Judgment City

So much judgment.
So much judgment. // Flickr

I watched a movie during Spring Break. This is a significant fact, because I never watch movies. Tell me the title of a movie, and I guarantee you I haven’t seen it. The Godfather? Nope. Star Wars? Bits and pieces. Shawshank? Uh-uh. Frozen? What’s that? I have seen fewer movies than all of the people who were alive before movies were invented have seen put together. But this break I did see “Defending Your Life,” a 1991 rom-com starring Albert Brooks and Meryl Streep, and it impacted me more than any Hobbit movie could.

Brooks’s character Daniel dies in a car crash and wakes up in Judgment City, a utopia in which delicious food is prepared instantly, everything is free, and everyone is dressed in clean white robes. Judgment City is not heaven — in fact, it’s more like purgatory. In Judgment City, dead people are judged by their life on Earth — through a trial process complete with prosecutors and defenders — to determine whether they have become “enlightened” enough to move on to the afterlife. If not, they are sent back to Earth to try again. Daniel is accused of not conquering his fears, and thanks to a skilled prosecutor, his prospects for ascendance look grim.

The novelty of the premise only somewhat obscures the trad story line: Daniel falls for Julia (Streep), a proto-manic Pixie Dream Girl clearly on her way to the afterlife, and he struggles to feel adequate against her happy-go-lucky demeanor. But as the movie progresses, a darker and scarily human theme emerges. Seeing the inexplicably obtained footage of Daniel’s life at various ages — used in the trial as evidence to prove his spinelessness, his uncertainty, his fear — made me paranoid, that even I’m being watched, dissected for my worthiness of afterlife. The trial wears Daniel down as he is consistently shown anecdotes that prove his shortcomings. In the film’s climax, he confesses to Julia, “I’m tired of being judged.”

This is the film’s appeal to empathy, eliciting an emphatic “Yeah!” from me as I agreed with Daniel’s complaint. Hell yeah, I’m tired of being judged! I’m tired of being judged for not watching movies. For laughing weirdly. For eating alone in dining halls. For feeling anxious about the possibility of being judged for things that are silly to think I am being judged for. In his confession, Daniel yearns for a society that accepts him for who he is, no matter his shortcomings.

The movie, however, seems to question whether this is possible. No matter how Daniel’s story ends, the implication is that Judgment City will continue on, that at the core of its society of perfect omelettes, egalitarian clothing and friendly hotel concierge is a system forever based on judgment. This gave me pause. For all of my anxiety about being judged and how cruel the world can be, I pass judgment every day. It is an automatic response; I don’t even notice that I am doing it: “He’s a ridiculous person.” “She’s so annoying in seminar.” “He sucks.” All without a thought.
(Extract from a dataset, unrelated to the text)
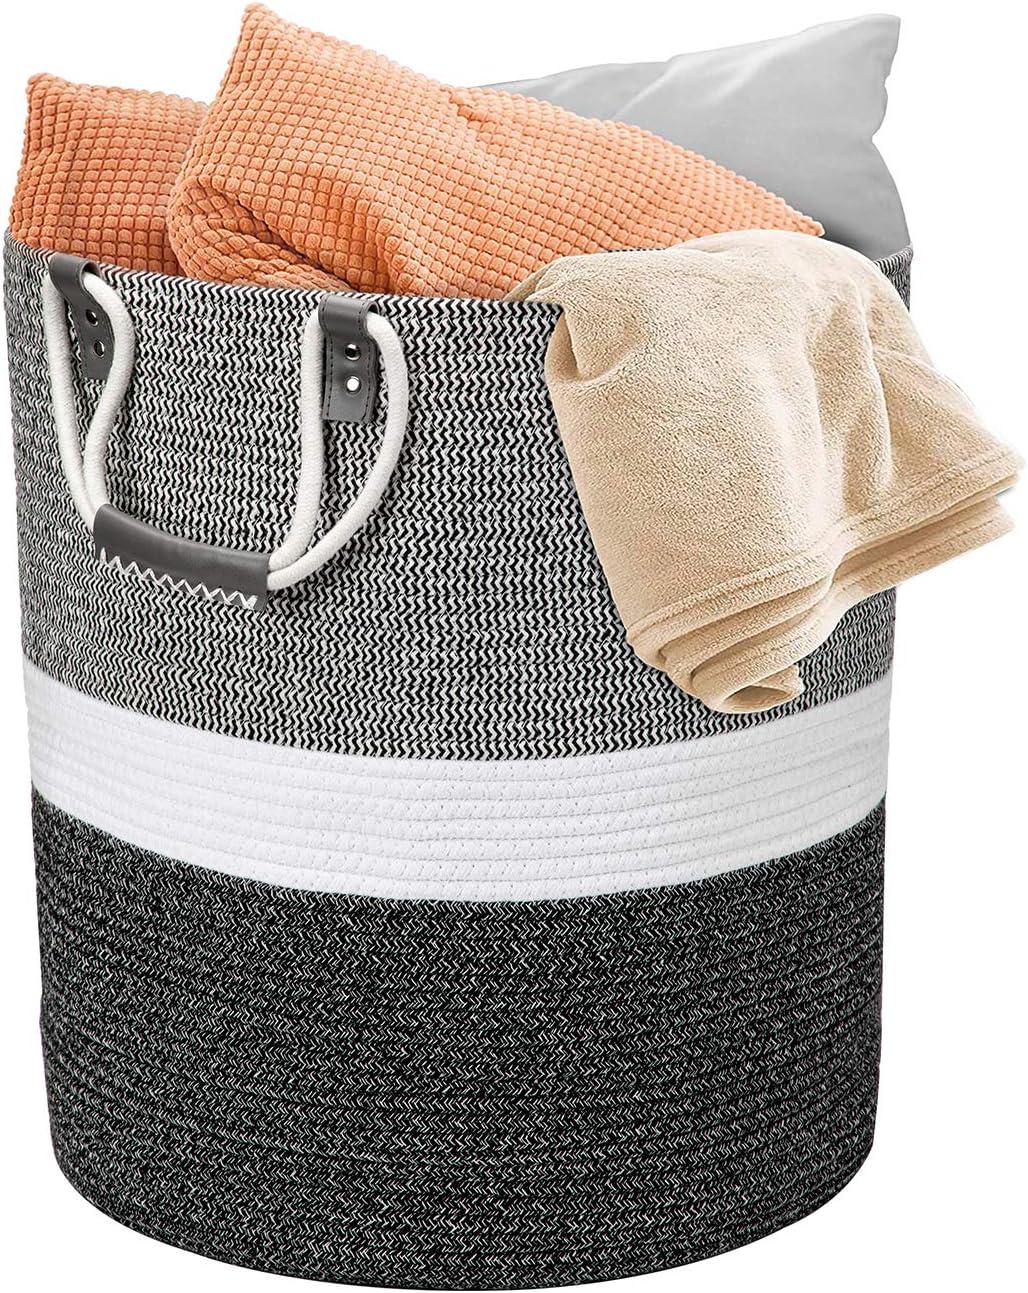 Cesta grande para la colada, de algodón trenzado, con asa, color blanco con costuras negras, 43 x 48 cm, para mantas, cojines, juguetes, sala de estar, habitación de los niños, baño

I had dinner with a close friend on Monday. Our conversation turned to a mutual acquaintance, who my dinner partner described as judgmental. He acknowledged the hypocrisy behind his judgment of this judgmental person, and we said nothing further about it. I glanced down at my plate. My first thought was that even noticing judgment, as my friend did, could be a step in a new direction, towards the frame of mind Daniel longed for. My second was, “These fries would probably taste ten times better in Judgment City.”